EXERCISE DETAILS =
Repeat the data exactly. Pictures stay out.

DATASET EXTRACT =
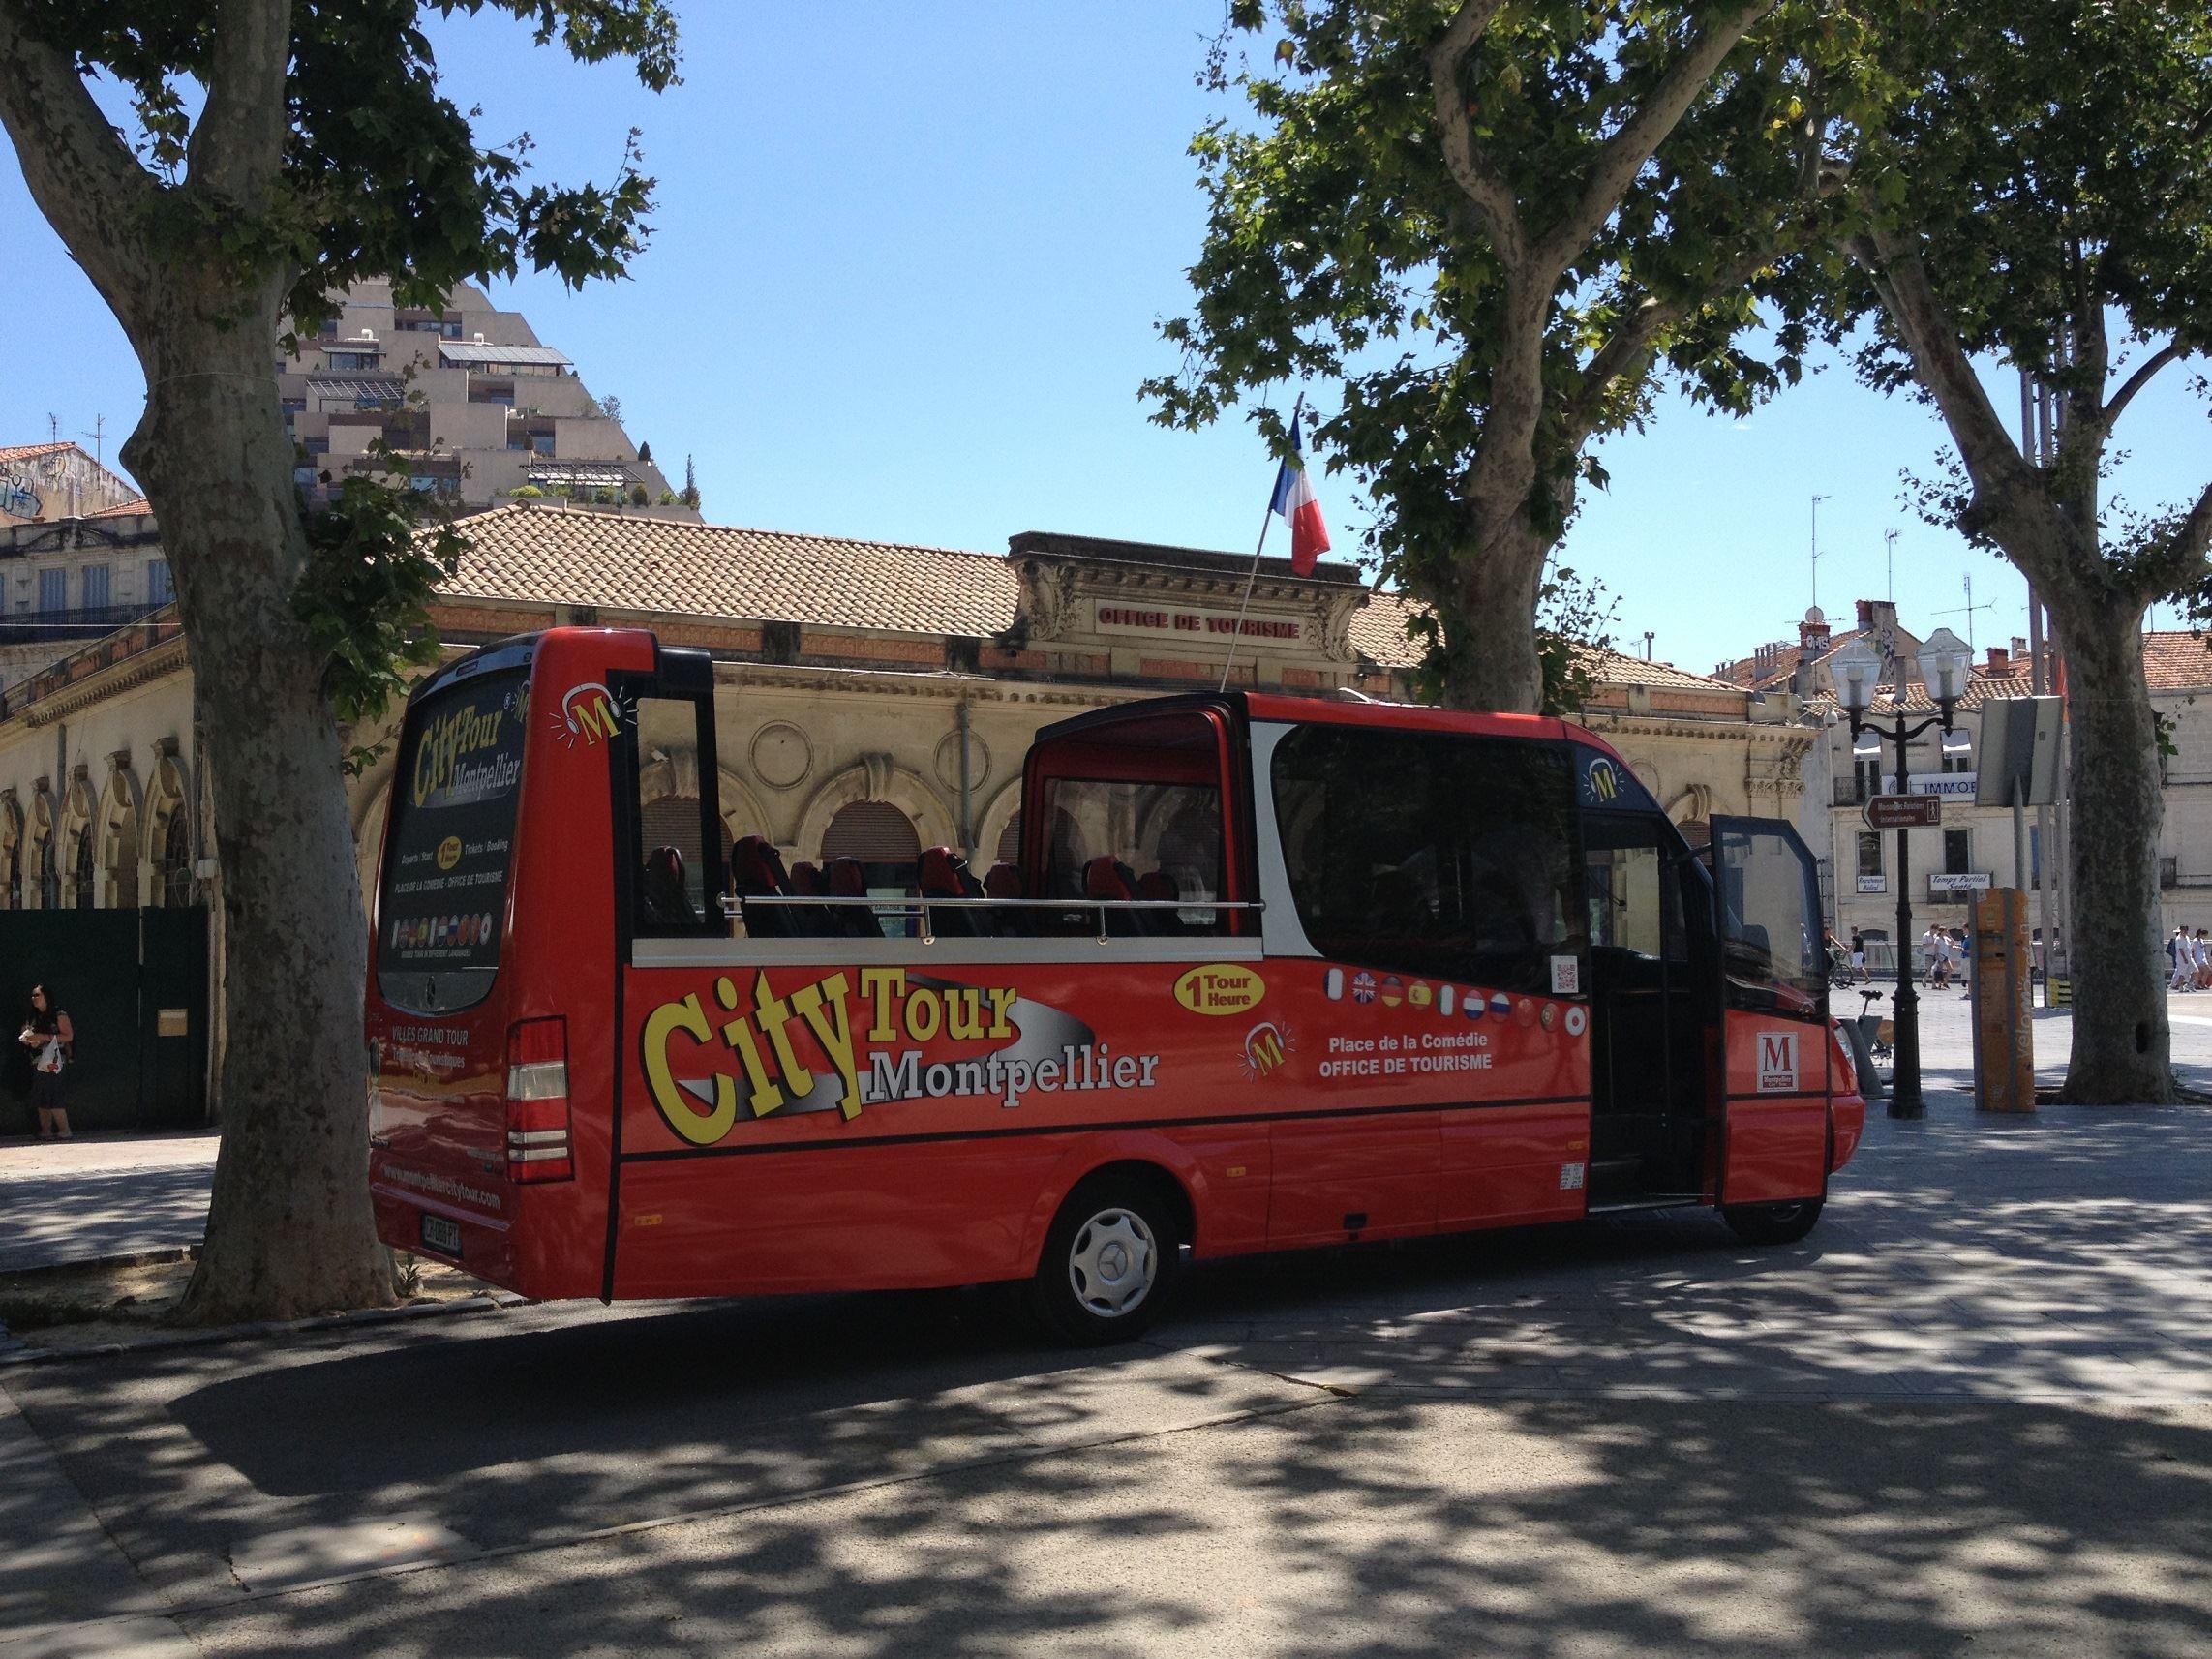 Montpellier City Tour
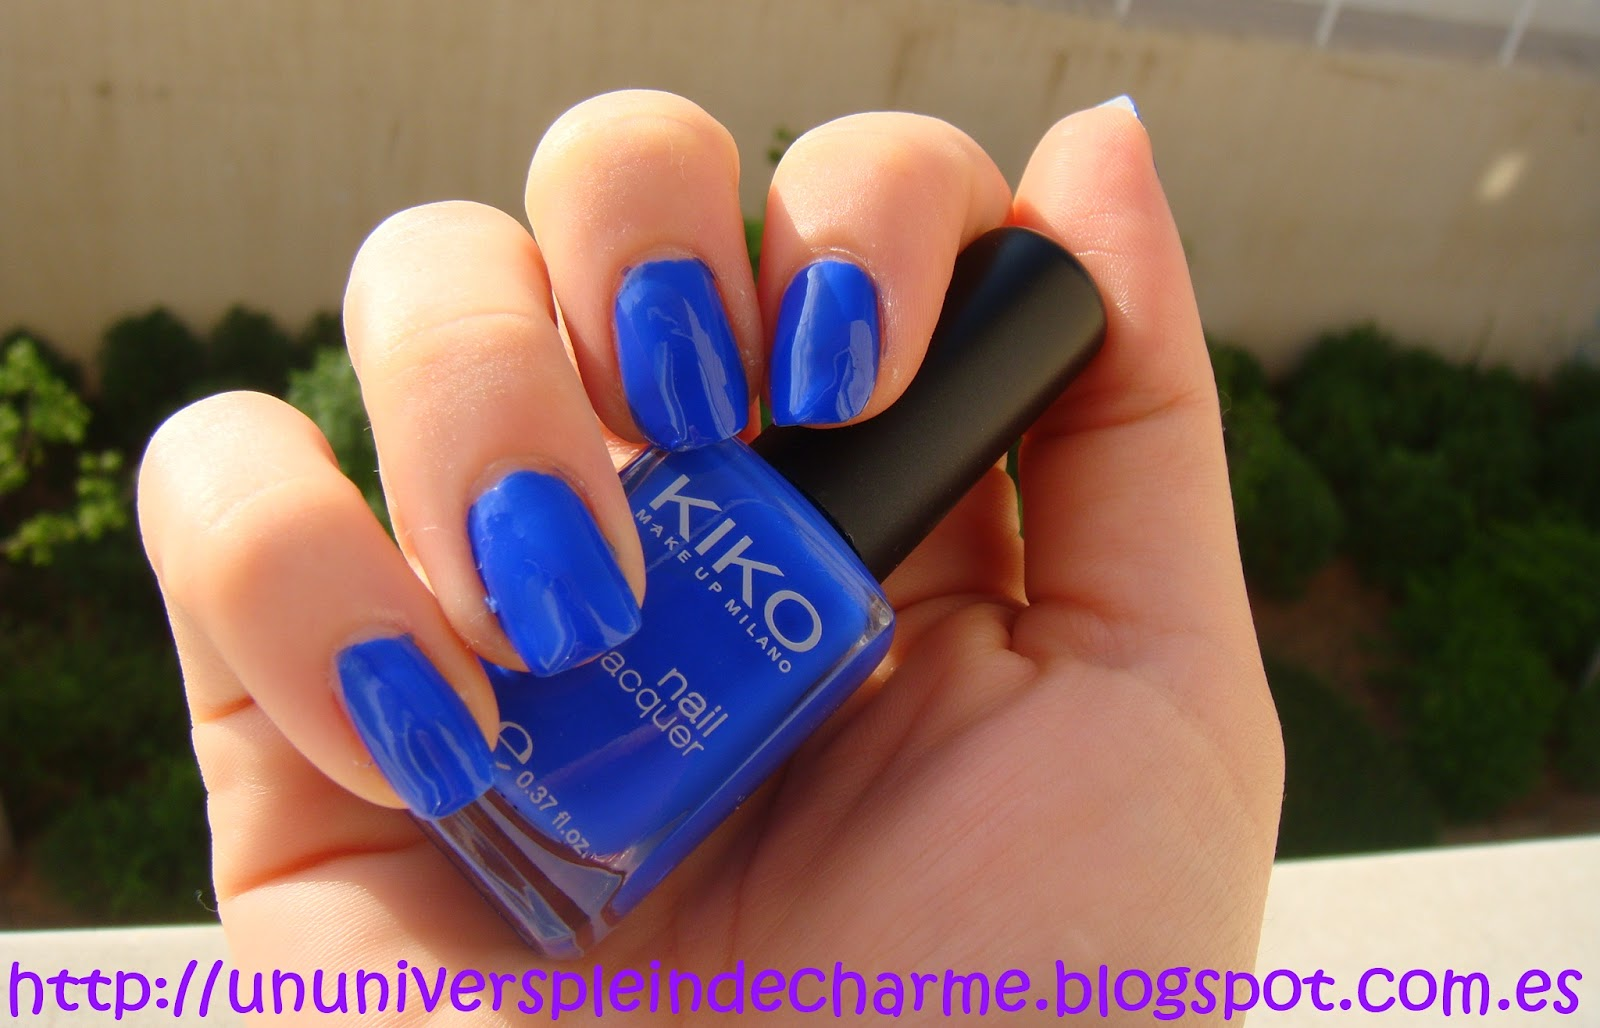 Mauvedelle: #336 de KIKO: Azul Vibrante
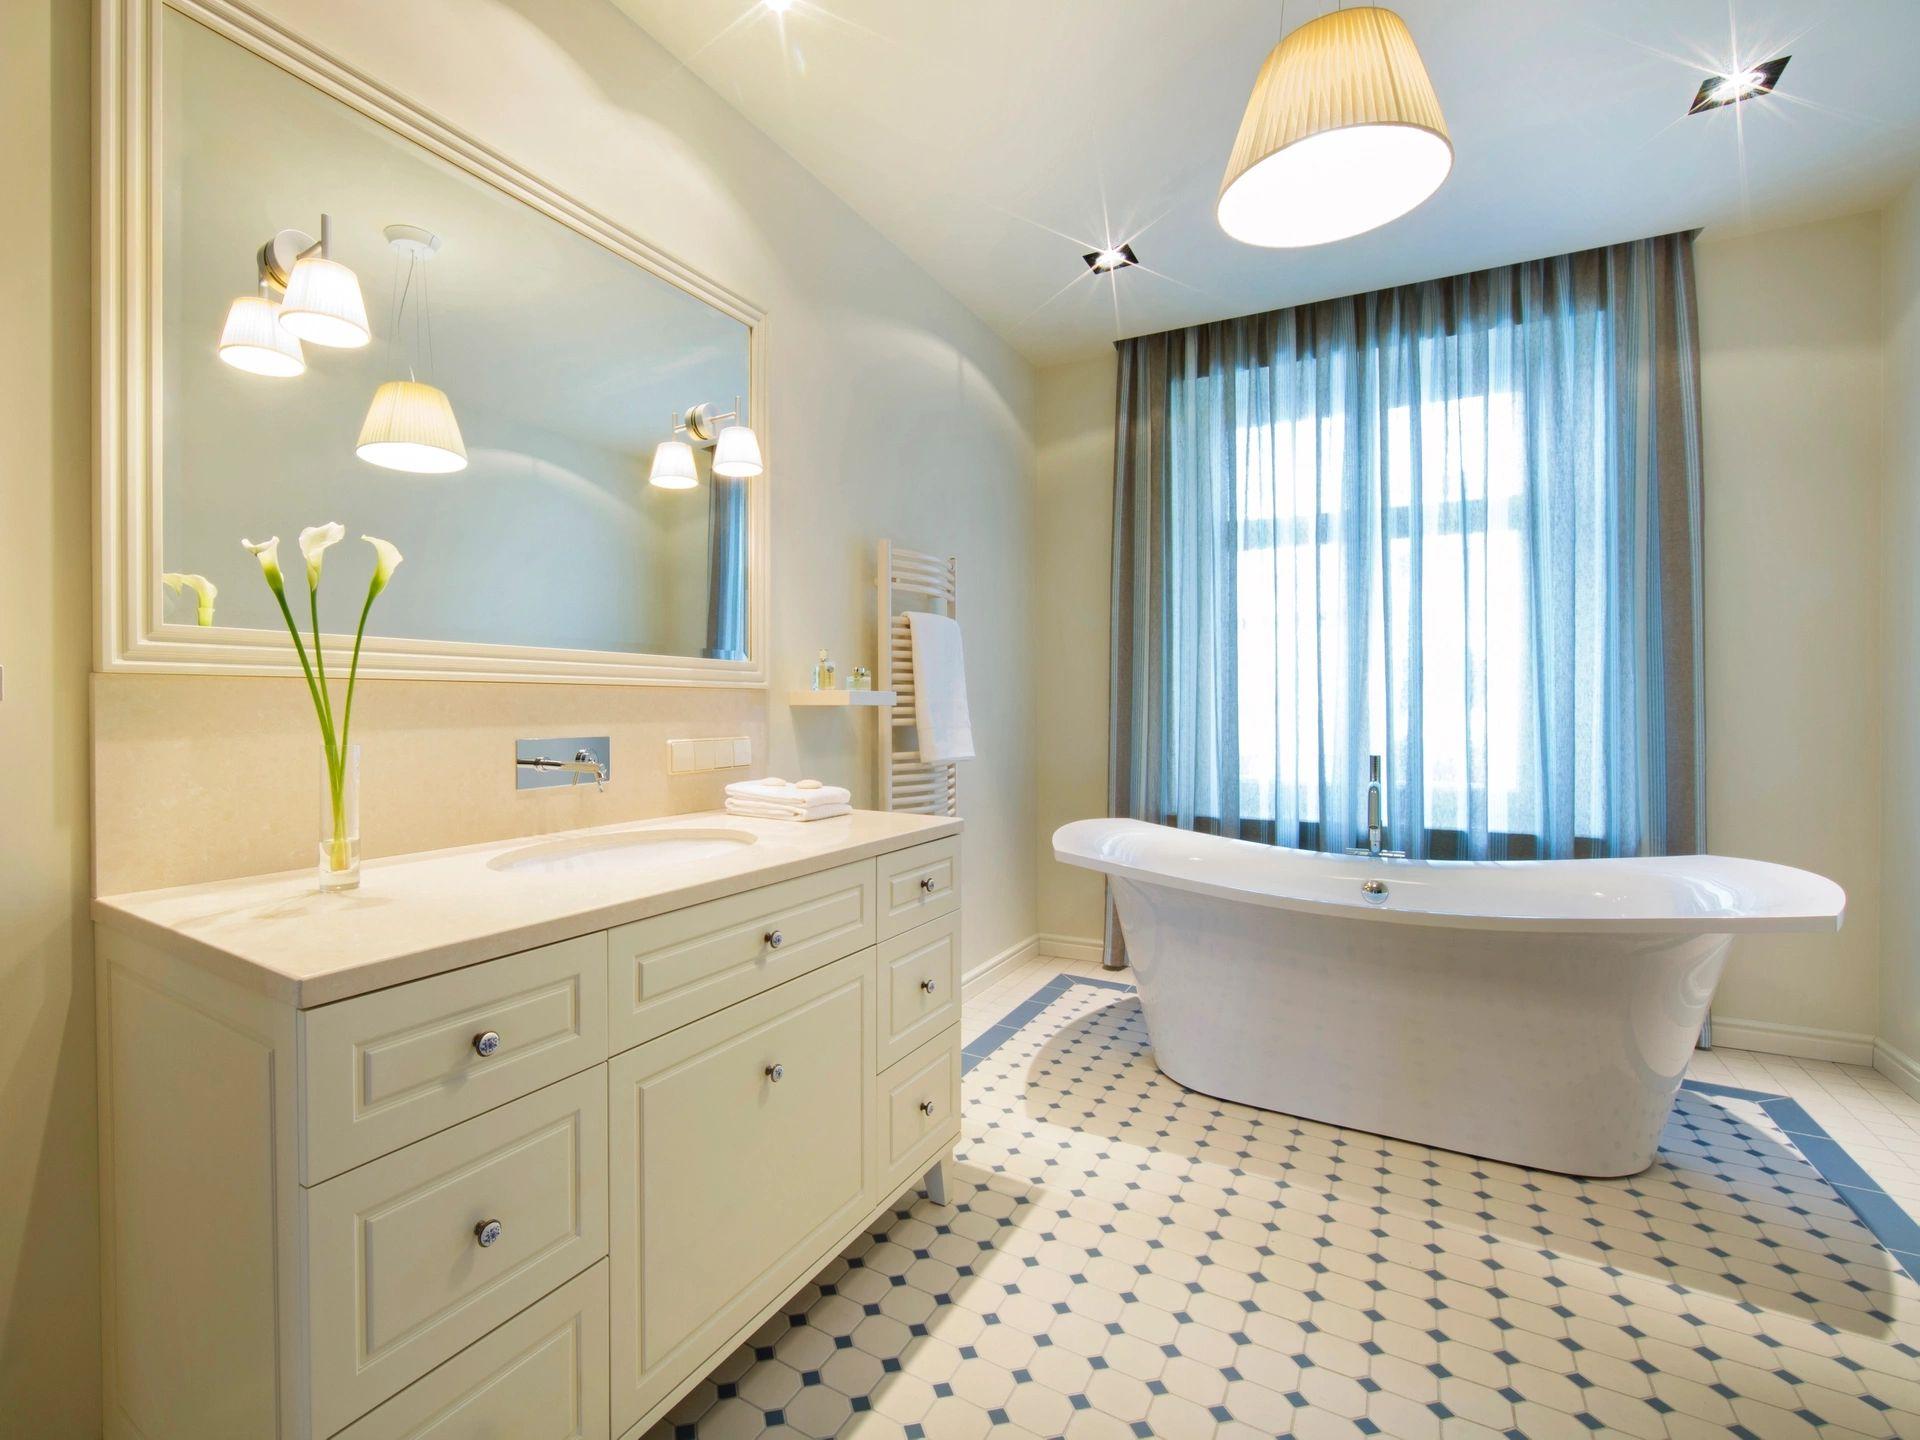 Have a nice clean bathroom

RESPONSE =
 Montpellier City Tour
 Mauvedelle: #336 de KIKO: Azul Vibrante
 Have a nice clean bathroom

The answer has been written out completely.